Сысой захаживался, зубами поскрипывал — не терпелось посчитать ребра чужаку, выказать свою удаль, да чтобы другим неповадно было задираться. Ощетинившись в одном споре, когда собралось много ребят, засучив рукава, кинулся он на мастерового петухом. Дмитрий изогнулся и ловко, чего не умел делать на хуторе никто, бросил Сысоя через себя. Вякнул Шутов и затих, не в силах пошевельнуть рукою или ногой. В темноте поблескивали холодные глаза. Девки сыпанули в проулки, через плетни на огороды и в кусты. Игнат не успел сообразить — лезть ему в драку или нет, как очнулся и замычал внук атамана, загребая пальцами дорожную пыль, потом закричал дурным голосом:

— Зарежу гада-а!.. Сожгу банду-у!.. — и зарыдал от обиды, поднимаясь на четвереньки.

Из девчат на игрищах осталась лишь Любава. Усмехаясь, она, довольная, похвалила:

— А красиво, ловко он кинул атаманского внучека.

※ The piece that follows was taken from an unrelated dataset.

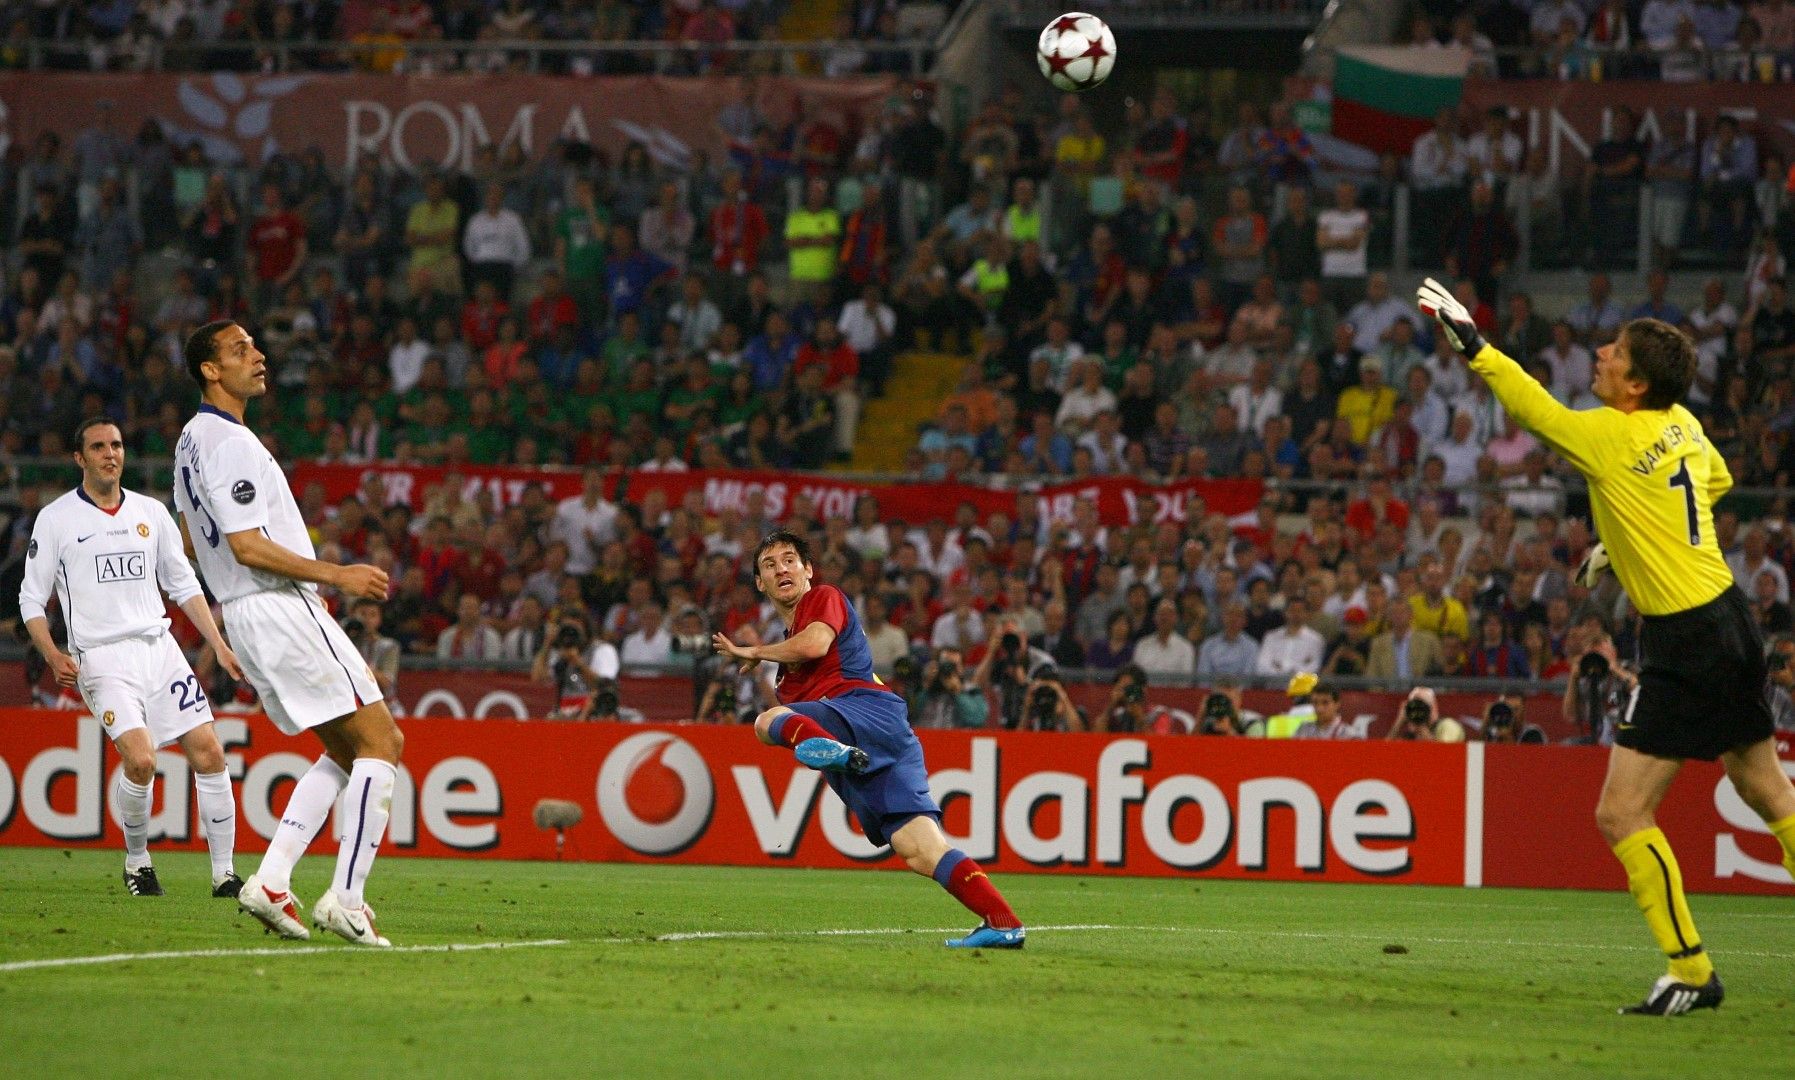 2009 г. Рим. Меси бележи с глава втория гол, с което нещата са ясни - Барселона - Юнайтед 2:0.

С того вечера мастеровой в Дубовом не показывался.

Игнат зачастил на хутор. Он каждый вечер приносил Любаве сладкие пряники, грецкие орехи. Робко намекал о свадьбе.

— Такие, как ты, должны есть сдобные харчи.

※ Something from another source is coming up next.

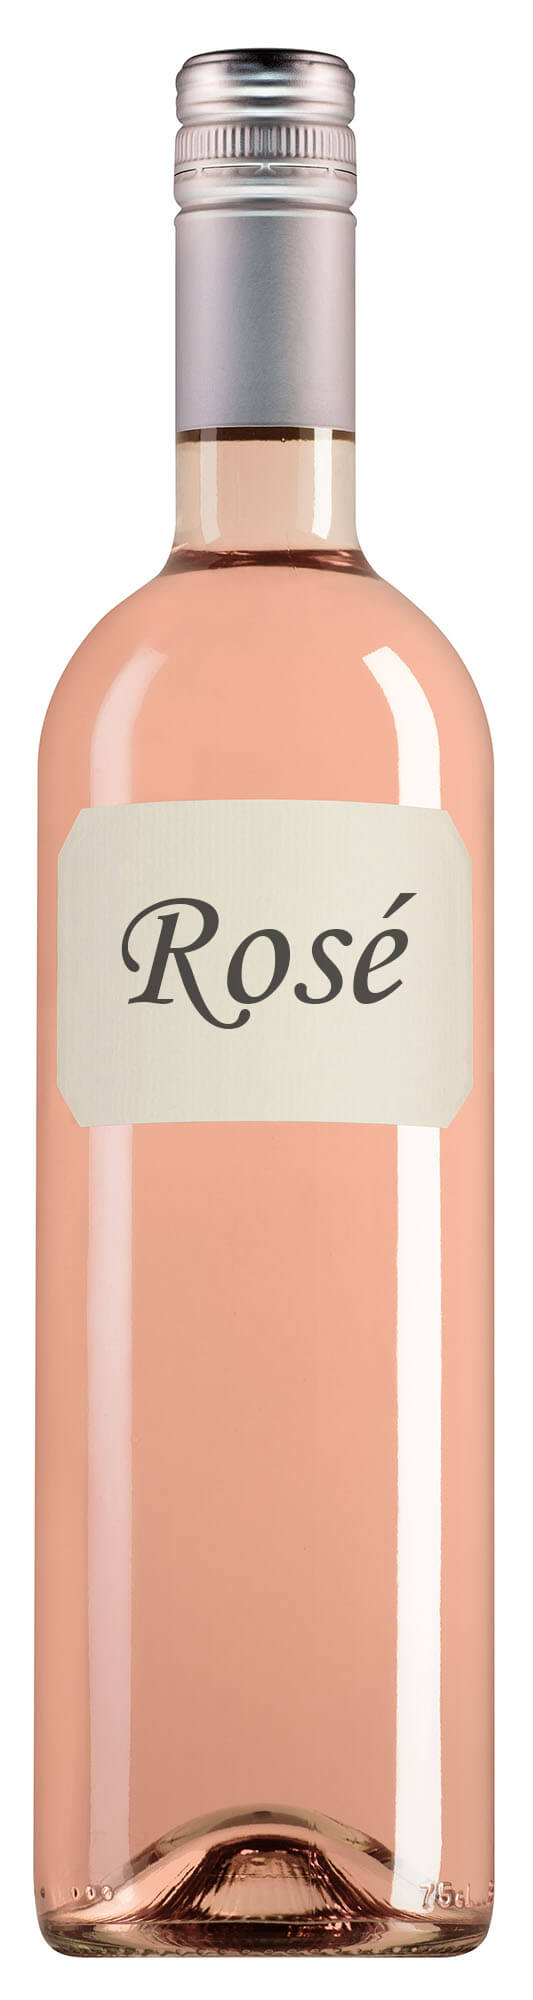 Royer Champagne Brut Rosé

— Это какая же я? — не совсем охотно принимая подарки, насмешливо спрашивала Любава.

— Ну, такая… видная.

Хвалить ее в глаза Назарьев не отваживался — не загордилась бы. Про себя не раз думал — станет она его женой, в шелка оденет, барыней сделает. Не косой и вилами ей махать, а по станице в дорогих красивых обновах разгуливать. Не один бы косил глазами, завистливо выспрашивая: «Чья же это красавица?» И кто-нибудь знающий подобострастно бы тянул: «Игната Назарьева женушка».

* * *

…Тихо, без гульбищ проводили ильин день — готовились к косовице. Погода стояла жаркая, безветренная, будто перед осенней распутицей хотела напоследок угодить хлеборобам. Через неделю в степи завиднелись копны, скирды, зажелтели укатанные дороги, притрушенные соломой.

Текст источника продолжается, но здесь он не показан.